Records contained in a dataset
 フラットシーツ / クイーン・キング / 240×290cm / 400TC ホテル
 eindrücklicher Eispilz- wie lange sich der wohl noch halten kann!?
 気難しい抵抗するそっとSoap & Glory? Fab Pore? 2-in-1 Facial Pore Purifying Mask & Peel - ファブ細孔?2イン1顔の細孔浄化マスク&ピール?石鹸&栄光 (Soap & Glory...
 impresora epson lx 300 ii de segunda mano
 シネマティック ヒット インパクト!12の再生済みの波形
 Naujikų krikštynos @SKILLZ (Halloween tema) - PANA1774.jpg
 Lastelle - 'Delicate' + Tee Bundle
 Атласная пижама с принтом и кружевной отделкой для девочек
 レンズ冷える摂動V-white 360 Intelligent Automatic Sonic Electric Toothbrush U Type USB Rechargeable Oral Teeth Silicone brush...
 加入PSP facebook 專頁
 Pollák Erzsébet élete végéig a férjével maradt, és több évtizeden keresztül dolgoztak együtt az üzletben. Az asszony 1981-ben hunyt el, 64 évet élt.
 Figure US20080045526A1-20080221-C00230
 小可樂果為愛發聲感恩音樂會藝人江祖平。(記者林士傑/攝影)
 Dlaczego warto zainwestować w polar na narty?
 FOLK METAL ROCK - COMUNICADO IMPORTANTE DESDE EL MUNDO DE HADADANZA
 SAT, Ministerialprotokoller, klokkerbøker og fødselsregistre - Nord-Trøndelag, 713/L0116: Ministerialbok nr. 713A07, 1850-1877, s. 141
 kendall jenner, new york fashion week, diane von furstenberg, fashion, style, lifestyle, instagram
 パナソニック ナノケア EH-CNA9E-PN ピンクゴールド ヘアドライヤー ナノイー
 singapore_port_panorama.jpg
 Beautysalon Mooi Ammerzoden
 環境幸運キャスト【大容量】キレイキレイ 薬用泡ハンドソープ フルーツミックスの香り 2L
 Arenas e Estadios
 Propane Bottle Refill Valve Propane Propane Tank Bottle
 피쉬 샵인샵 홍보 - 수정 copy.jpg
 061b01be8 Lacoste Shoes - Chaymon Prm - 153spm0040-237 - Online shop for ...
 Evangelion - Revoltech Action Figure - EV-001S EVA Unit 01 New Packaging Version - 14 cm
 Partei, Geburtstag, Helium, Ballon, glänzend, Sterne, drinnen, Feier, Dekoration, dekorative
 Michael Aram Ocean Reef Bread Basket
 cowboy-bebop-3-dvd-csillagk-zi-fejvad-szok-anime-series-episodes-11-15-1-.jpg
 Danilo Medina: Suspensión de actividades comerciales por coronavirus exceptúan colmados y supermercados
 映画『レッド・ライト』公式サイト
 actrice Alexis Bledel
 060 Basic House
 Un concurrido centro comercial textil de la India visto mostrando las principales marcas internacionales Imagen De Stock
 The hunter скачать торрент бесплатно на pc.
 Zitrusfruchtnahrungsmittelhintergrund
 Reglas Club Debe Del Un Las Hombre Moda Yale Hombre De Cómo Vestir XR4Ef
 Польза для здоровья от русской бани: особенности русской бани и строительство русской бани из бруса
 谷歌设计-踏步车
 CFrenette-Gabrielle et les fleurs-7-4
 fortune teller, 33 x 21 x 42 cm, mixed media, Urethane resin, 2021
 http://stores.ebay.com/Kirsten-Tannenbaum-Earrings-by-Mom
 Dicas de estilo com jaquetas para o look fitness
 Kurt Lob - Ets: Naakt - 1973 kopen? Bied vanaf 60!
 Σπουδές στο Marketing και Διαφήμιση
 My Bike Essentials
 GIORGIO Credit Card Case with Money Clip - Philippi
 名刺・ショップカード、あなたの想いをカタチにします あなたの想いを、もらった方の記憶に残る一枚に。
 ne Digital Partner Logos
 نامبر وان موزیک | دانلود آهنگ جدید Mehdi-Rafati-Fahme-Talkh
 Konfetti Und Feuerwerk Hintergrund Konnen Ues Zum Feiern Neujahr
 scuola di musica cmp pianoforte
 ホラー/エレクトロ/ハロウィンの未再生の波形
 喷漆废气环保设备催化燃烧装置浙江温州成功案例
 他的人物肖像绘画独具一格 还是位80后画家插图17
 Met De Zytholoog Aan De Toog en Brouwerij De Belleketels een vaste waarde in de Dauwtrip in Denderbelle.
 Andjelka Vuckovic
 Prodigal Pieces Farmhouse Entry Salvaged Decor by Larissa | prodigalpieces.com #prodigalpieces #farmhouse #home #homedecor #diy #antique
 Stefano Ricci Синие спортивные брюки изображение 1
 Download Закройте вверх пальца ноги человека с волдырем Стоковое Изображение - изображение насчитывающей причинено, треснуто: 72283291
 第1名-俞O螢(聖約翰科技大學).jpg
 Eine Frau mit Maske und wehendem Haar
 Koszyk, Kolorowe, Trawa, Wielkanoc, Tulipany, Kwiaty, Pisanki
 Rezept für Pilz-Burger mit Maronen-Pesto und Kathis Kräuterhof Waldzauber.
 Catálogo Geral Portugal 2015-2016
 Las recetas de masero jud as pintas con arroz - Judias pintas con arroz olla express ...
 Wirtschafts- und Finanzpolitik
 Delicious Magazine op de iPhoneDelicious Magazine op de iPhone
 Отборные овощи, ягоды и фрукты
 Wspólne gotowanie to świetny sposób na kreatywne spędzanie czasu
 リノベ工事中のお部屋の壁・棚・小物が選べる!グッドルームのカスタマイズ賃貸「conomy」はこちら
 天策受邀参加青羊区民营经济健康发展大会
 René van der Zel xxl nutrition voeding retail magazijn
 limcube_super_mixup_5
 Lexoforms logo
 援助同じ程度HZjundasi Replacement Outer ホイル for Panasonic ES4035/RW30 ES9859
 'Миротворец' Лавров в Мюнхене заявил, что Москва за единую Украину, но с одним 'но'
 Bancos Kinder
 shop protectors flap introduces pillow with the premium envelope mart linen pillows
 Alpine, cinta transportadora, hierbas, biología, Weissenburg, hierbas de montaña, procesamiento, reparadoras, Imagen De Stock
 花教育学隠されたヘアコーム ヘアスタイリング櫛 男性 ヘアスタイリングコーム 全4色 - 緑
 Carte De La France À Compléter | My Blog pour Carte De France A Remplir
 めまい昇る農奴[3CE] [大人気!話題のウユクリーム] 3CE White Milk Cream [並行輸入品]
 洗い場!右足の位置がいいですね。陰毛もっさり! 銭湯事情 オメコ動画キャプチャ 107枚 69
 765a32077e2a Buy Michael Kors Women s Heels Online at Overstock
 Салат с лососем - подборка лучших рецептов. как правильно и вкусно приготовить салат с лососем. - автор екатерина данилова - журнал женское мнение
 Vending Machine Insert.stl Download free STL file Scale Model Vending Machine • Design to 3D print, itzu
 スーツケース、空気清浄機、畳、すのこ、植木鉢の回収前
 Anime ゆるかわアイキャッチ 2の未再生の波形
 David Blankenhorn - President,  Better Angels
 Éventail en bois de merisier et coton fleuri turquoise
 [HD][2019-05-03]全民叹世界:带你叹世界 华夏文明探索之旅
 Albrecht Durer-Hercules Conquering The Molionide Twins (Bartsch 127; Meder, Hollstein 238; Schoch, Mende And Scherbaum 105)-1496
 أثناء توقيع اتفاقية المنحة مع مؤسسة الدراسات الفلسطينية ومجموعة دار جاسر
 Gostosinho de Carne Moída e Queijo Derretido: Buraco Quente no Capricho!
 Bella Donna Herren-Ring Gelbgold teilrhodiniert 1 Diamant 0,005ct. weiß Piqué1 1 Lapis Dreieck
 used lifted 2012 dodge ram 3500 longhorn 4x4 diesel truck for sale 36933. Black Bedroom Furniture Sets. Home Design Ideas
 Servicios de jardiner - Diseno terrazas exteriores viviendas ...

PROBLEM TO SOLVE ::
Using the entries shown above, reproduce verbatim the lines from the line bearing "fortune teller, 33" to the line bearing "名刺・ショップカード、あなた", inclusive.

SOLUTION TO THIS EXERCISE ::
 fortune teller, 33 x 21 x 42 cm, mixed media, Urethane resin, 2021
 http://stores.ebay.com/Kirsten-Tannenbaum-Earrings-by-Mom
 Dicas de estilo com jaquetas para o look fitness
 Kurt Lob - Ets: Naakt - 1973 kopen? Bied vanaf 60!
 Σπουδές στο Marketing και Διαφήμιση
 My Bike Essentials
 GIORGIO Credit Card Case with Money Clip - Philippi
 名刺・ショップカード、あなたの想いをカタチにします あなたの想いを、もらった方の記憶に残る一枚に。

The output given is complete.